**Task data**
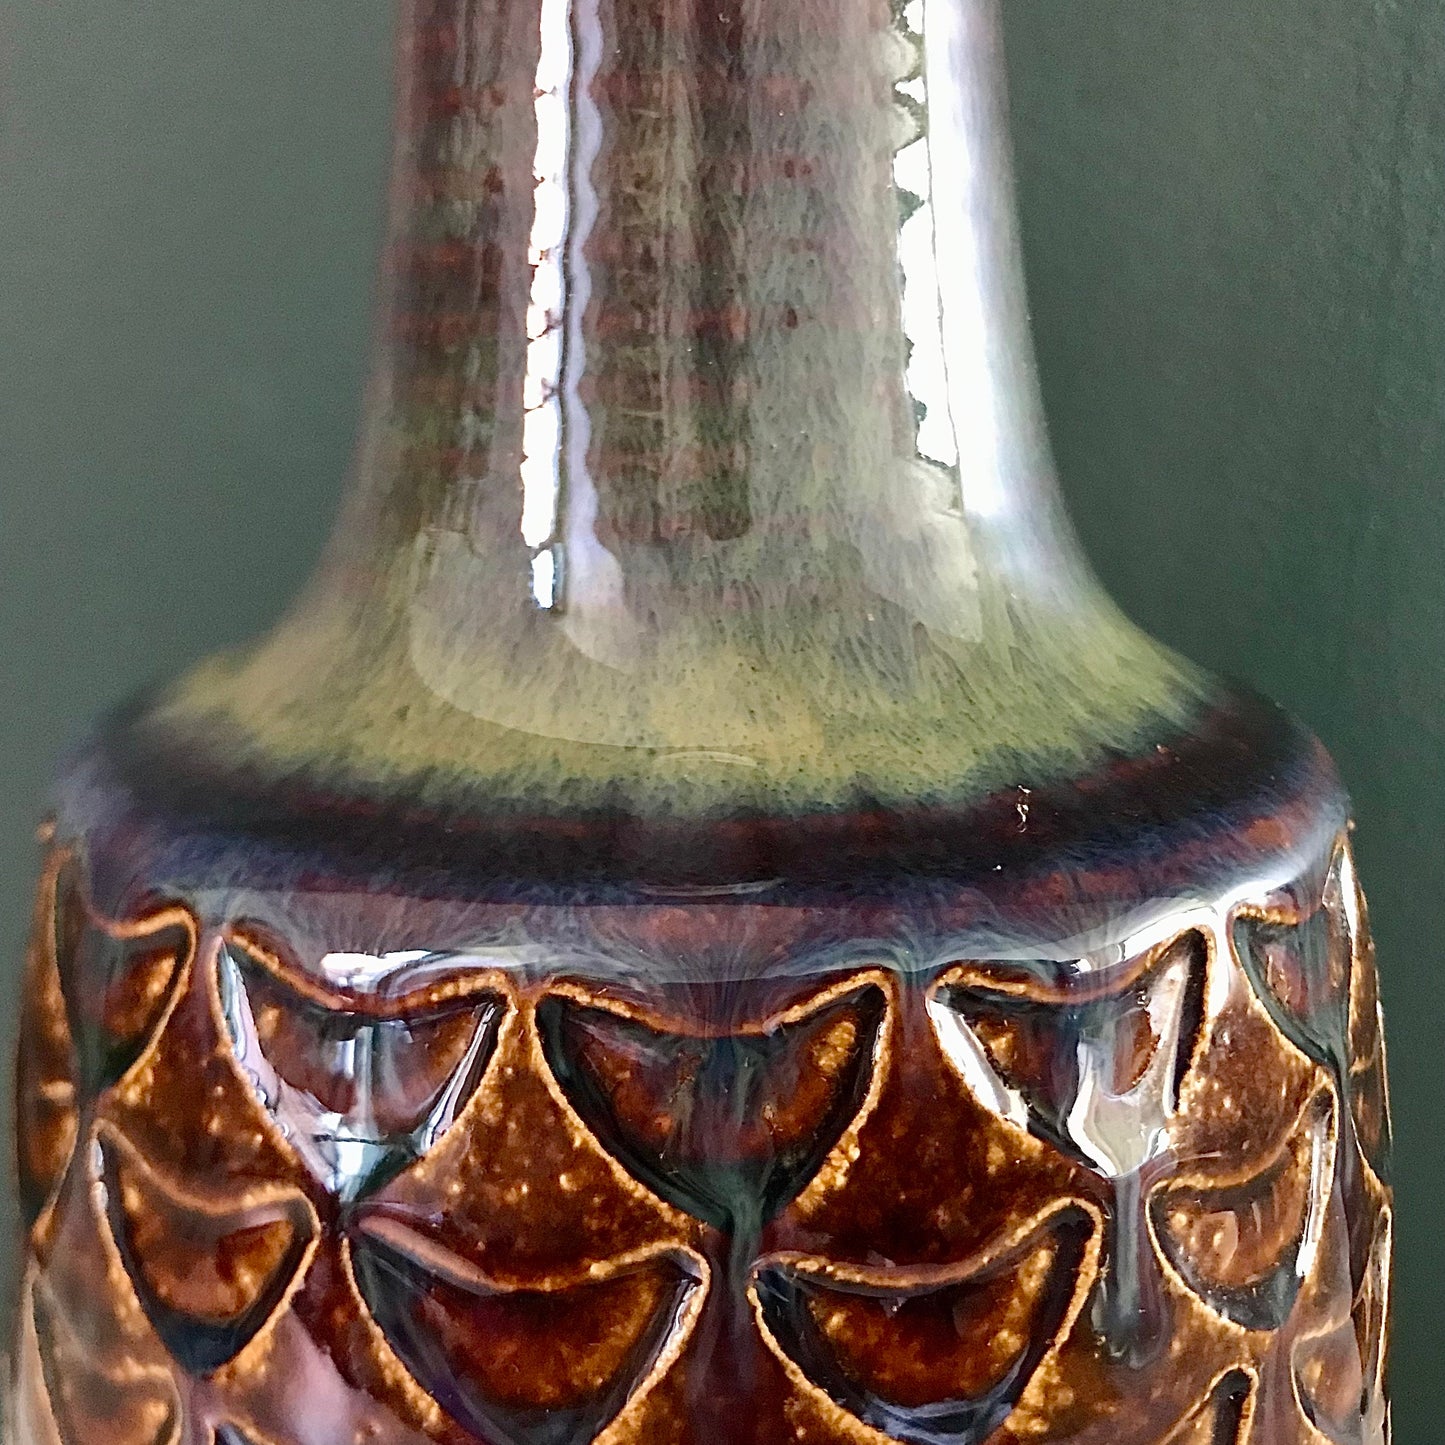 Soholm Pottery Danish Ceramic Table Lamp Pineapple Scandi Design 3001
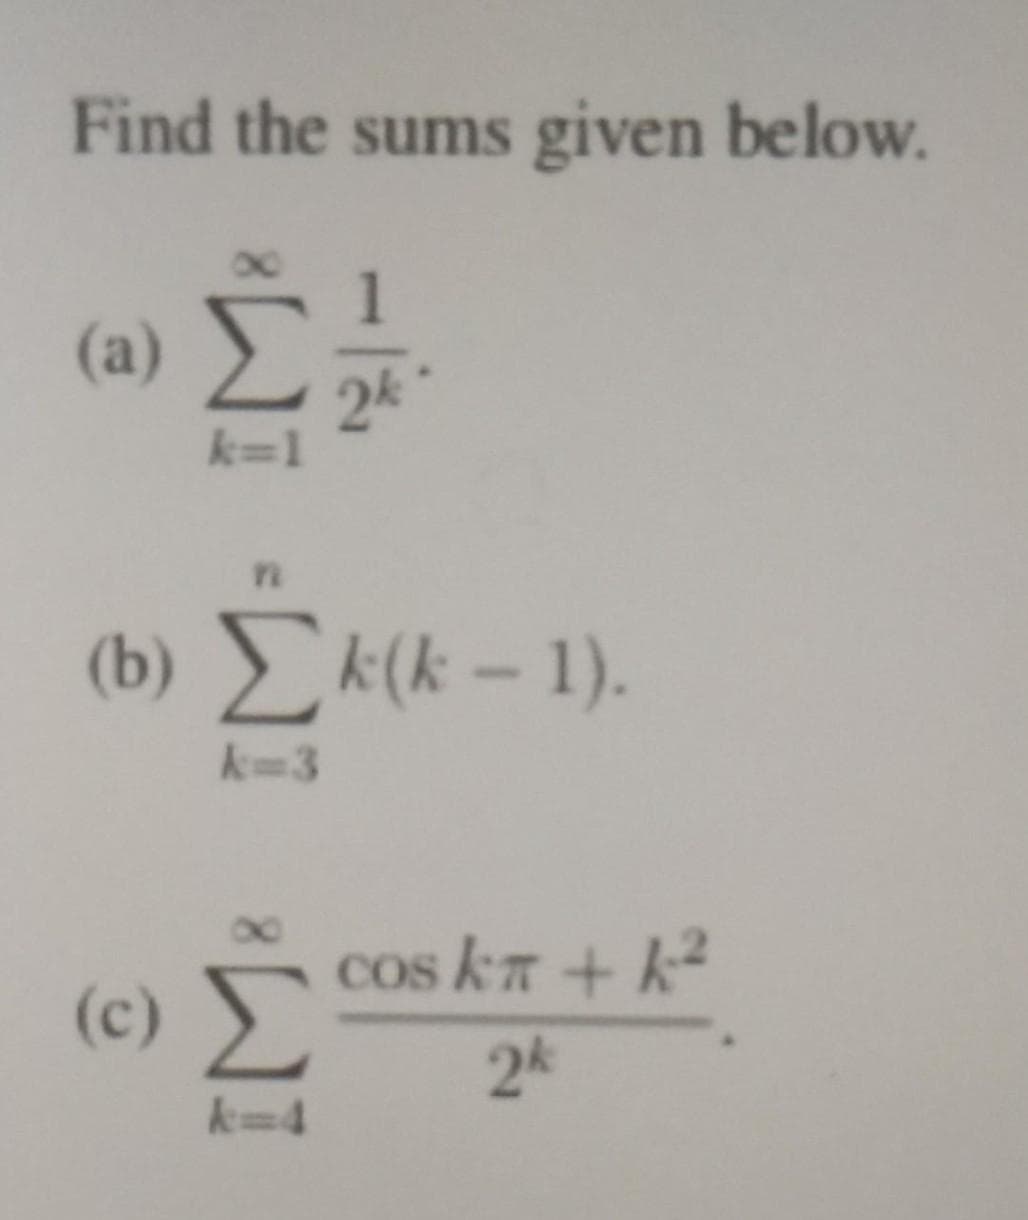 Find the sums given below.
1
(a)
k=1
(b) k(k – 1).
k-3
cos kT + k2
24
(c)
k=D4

**Problem**
The entries need to be restated exactly, and their pictures left out.

**Written answer**
 Soholm Pottery Danish Ceramic Table Lamp Pineapple Scandi Design 3001
 Find the sums given below.
1
(a)
k=1
(b) k(k – 1).
k-3
cos kT + k2
24
(c)
k=D4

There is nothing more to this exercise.